Pennyland House Threshing Mill is a Grade C listed building in the Highland local planning authority area, Scotland. First listed on 21 February 1975.
Pennyland House Threshing Mill
- WRENN ID
- outer-niche-linden
- Grade
- C
- Local Planning Authority
- Highland
- Country
- Scotland
- Date first listed
- 21 February 1975
- Source
- Historic Environment Scotland listing
Description
Pennyland House is a farmhouse with associated buildings, largely dating from between 1780 and 1860, with later alterations. It comprises a courtyard grouping of the farmhouse, a threshing mill, and farm cottages. Later extensions to the house and ranges to the south, including a former byre and stable, are not included in the listing.
The farmhouse itself is a symmetrical, two-storey and attic building with three bays facing east. It features a late 18th-century design with an early 20th-century projecting gabled porch, which has windows on all sides and a side entrance. The exterior is primarily rough-cut flagstone, all whitewashed, with contrasting painted ashlar margins. The ground floor windows have been slightly enlarged, and there are two piended dormers in the roof. The rear elevation is symmetrical, featuring a small, round bullseye window set just below the wallhead. Replacement 12-pane windows are fitted throughout, and the roof is covered with Caithness slate and features margined end stacks, straight skews. The interior, inspected in 2015, displays decorative plaster cornicing in the principal rooms, plain cornicing elsewhere, panelled doors, moulded architraves, and a curved timber staircase with decorative cast metal railings. A former drawing room on the ground floor contains a recessed niche flanked by fluted pilasters.
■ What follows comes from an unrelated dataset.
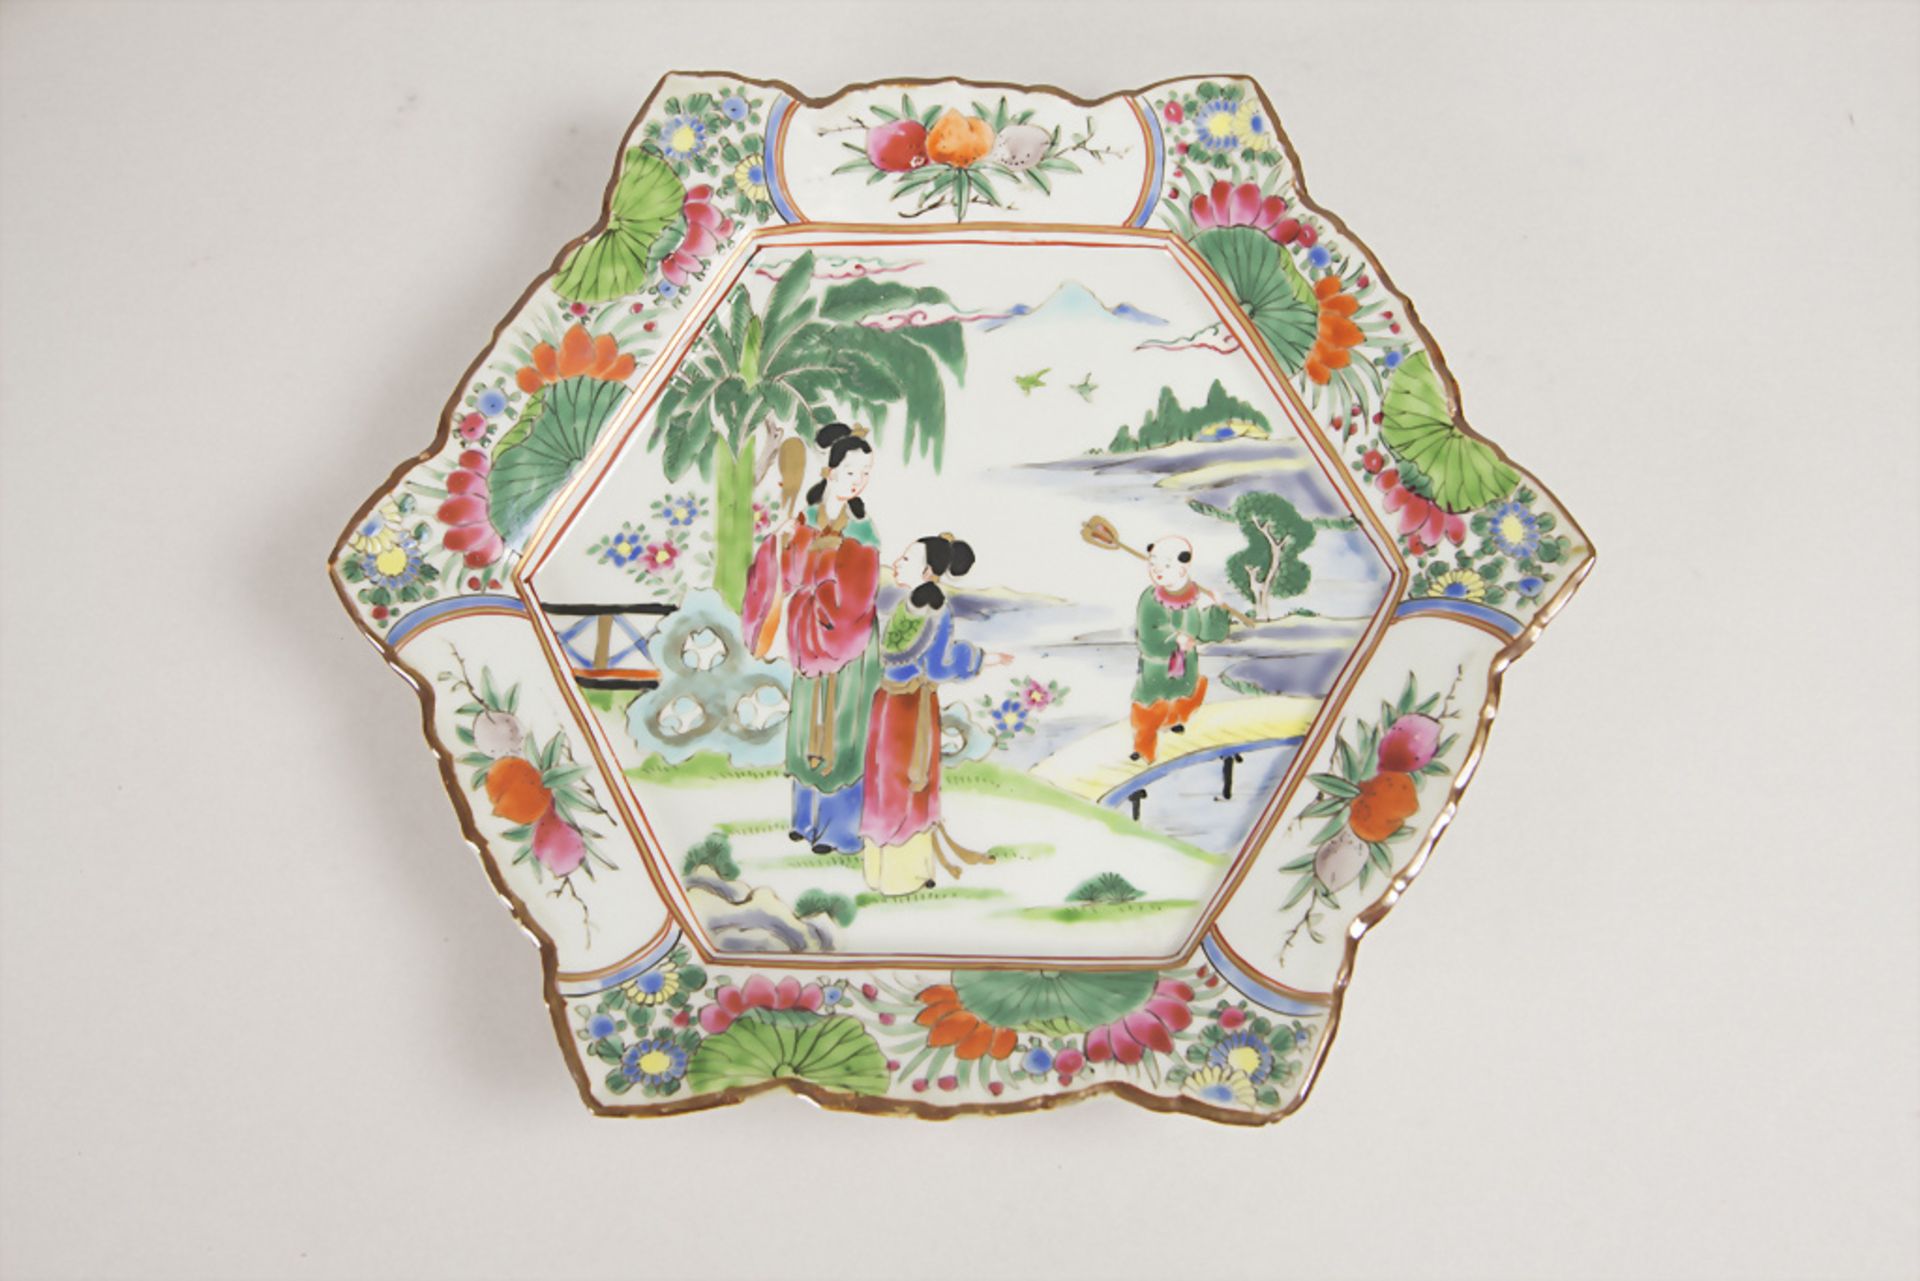 Zierteller / A decorative plate, China oder Japan, 19. Jh.
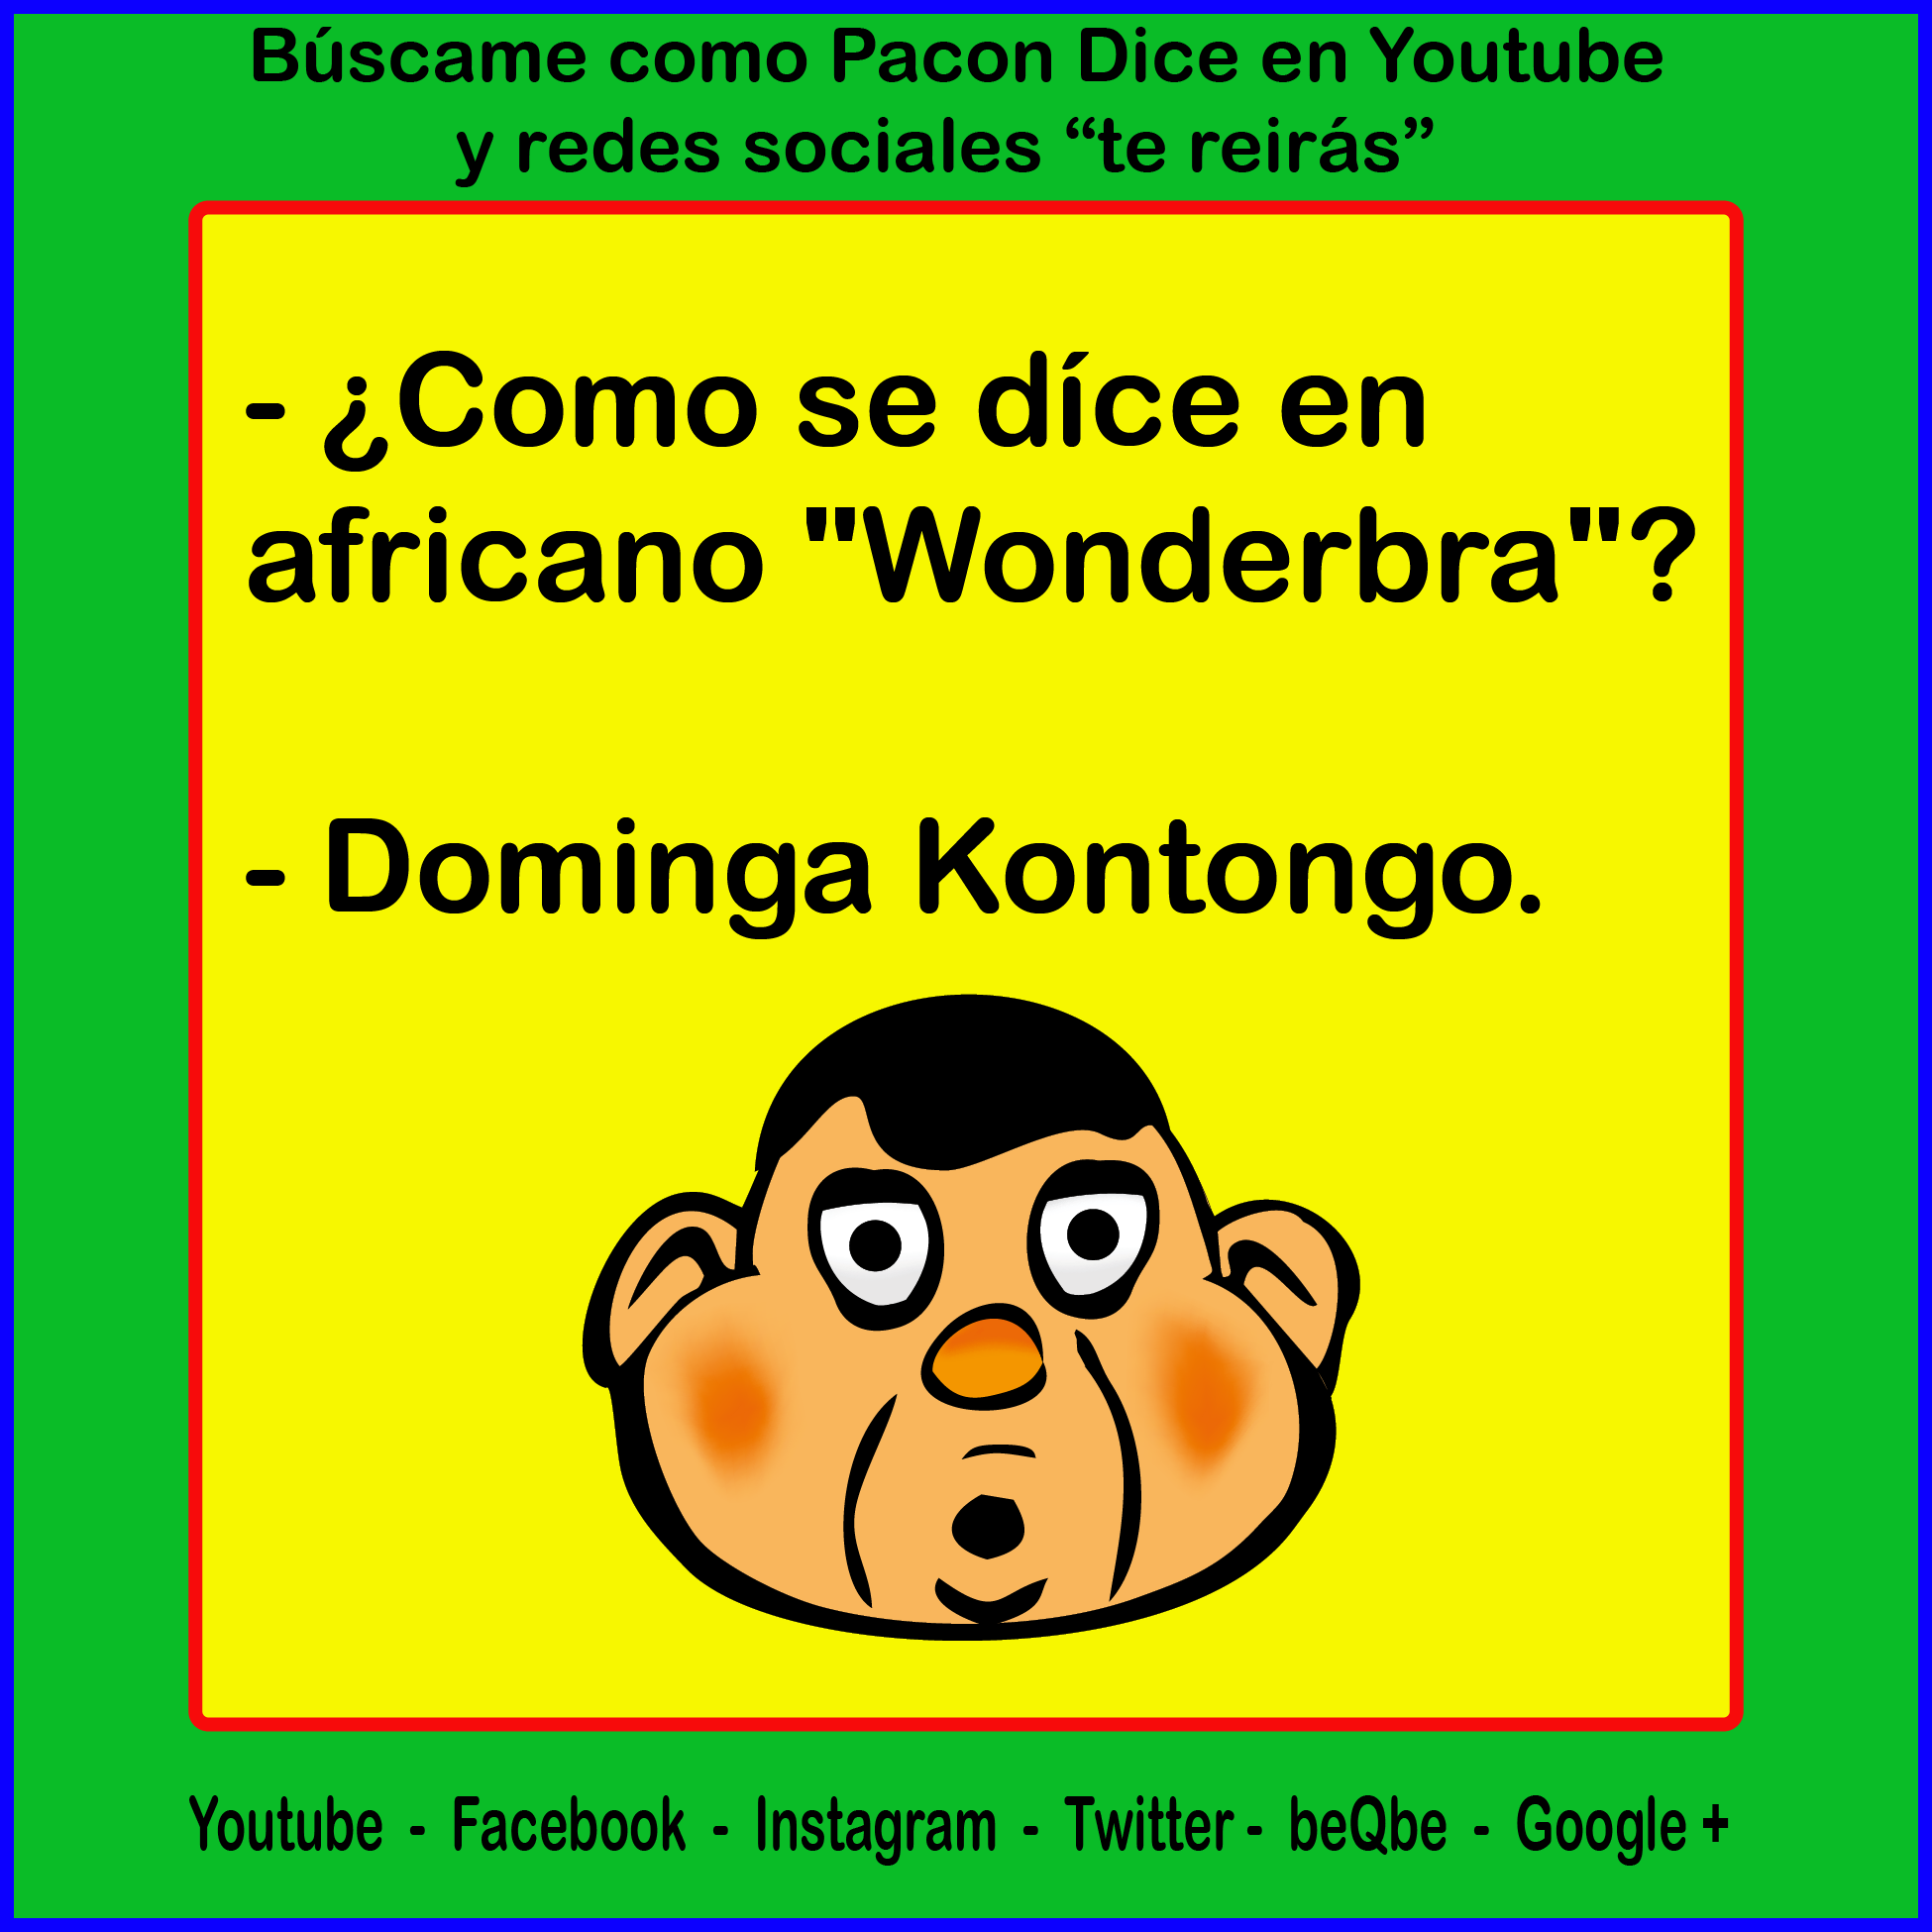 ¿Como se dice en africano "Wonderbra"? domingas kontongo

The farmhouse is linked to the north gable of a former threshing barn, dating from the early to mid-19th century, by a length of crenellated wall forming an ‘L’ shape. This wall includes two doors, a dummy corbelled and crenellated angle bartizan, and blind ground and first-floor windows on the north gable of the barn. A similar blind window is also present in the wall. The threshing barn is a long, two-storey, seven-bay building with rough-cut flagstone construction and elevations facing east and west, with all eastern openings blocked or boarded up as of 2015.
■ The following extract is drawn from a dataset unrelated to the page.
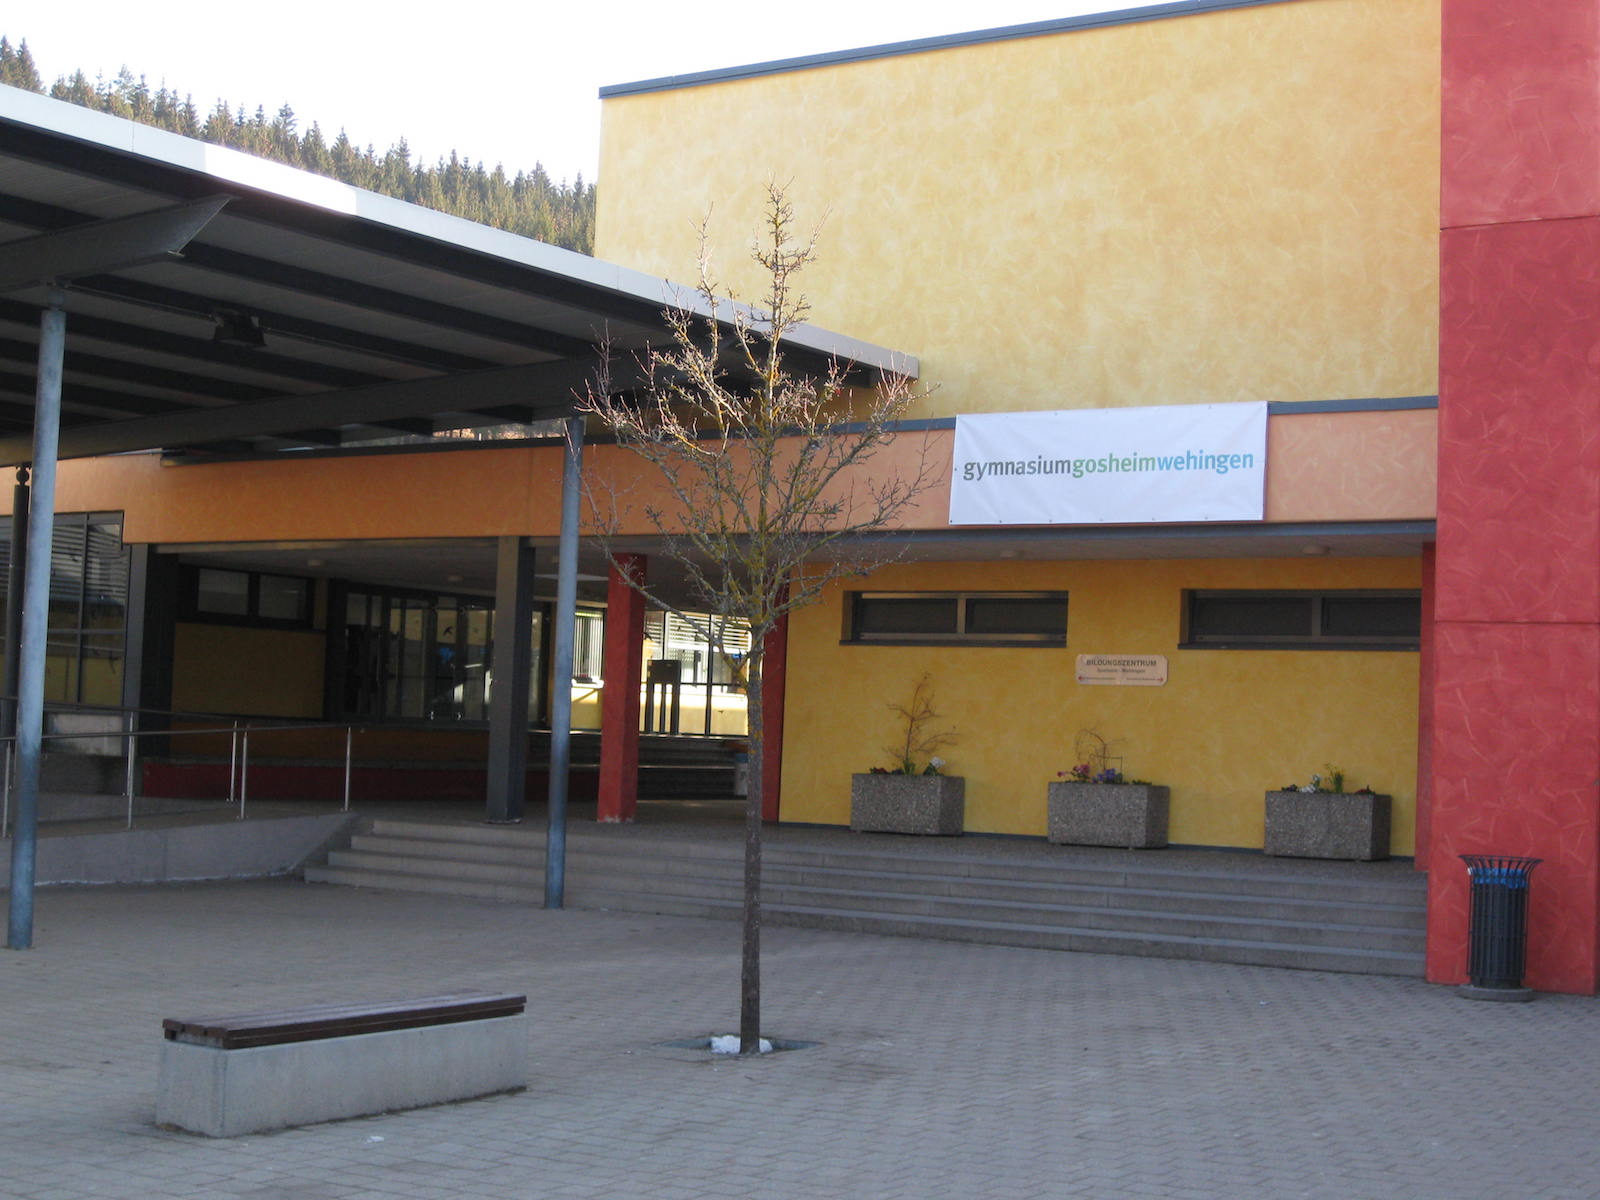 Gymnasium Gosheim-Wehingen

A terrace of three cottages, dating from the early 19th century, encloses the farm court against the south gable of the farmhouse. They are two-bay cottages with timber doors and narrow fanlights. Gabled dormers are present in the center and to the right. The cottages are constructed of rough-cut flagstone with Caithness slate roofs, and have corniced gable end and ridge stacks. Interior inspection in 2015 revealed flagstone floors and timber panelling.
A circa early 19th-century boundary wall of rough-cut flagstone runs along the north and west sides of the property, whitewashed on the north side and featuring a commemorative plaque to Sir William Alexander Smith, founder of the Boys' Brigade, reputedly born at the house on 27 October 1854.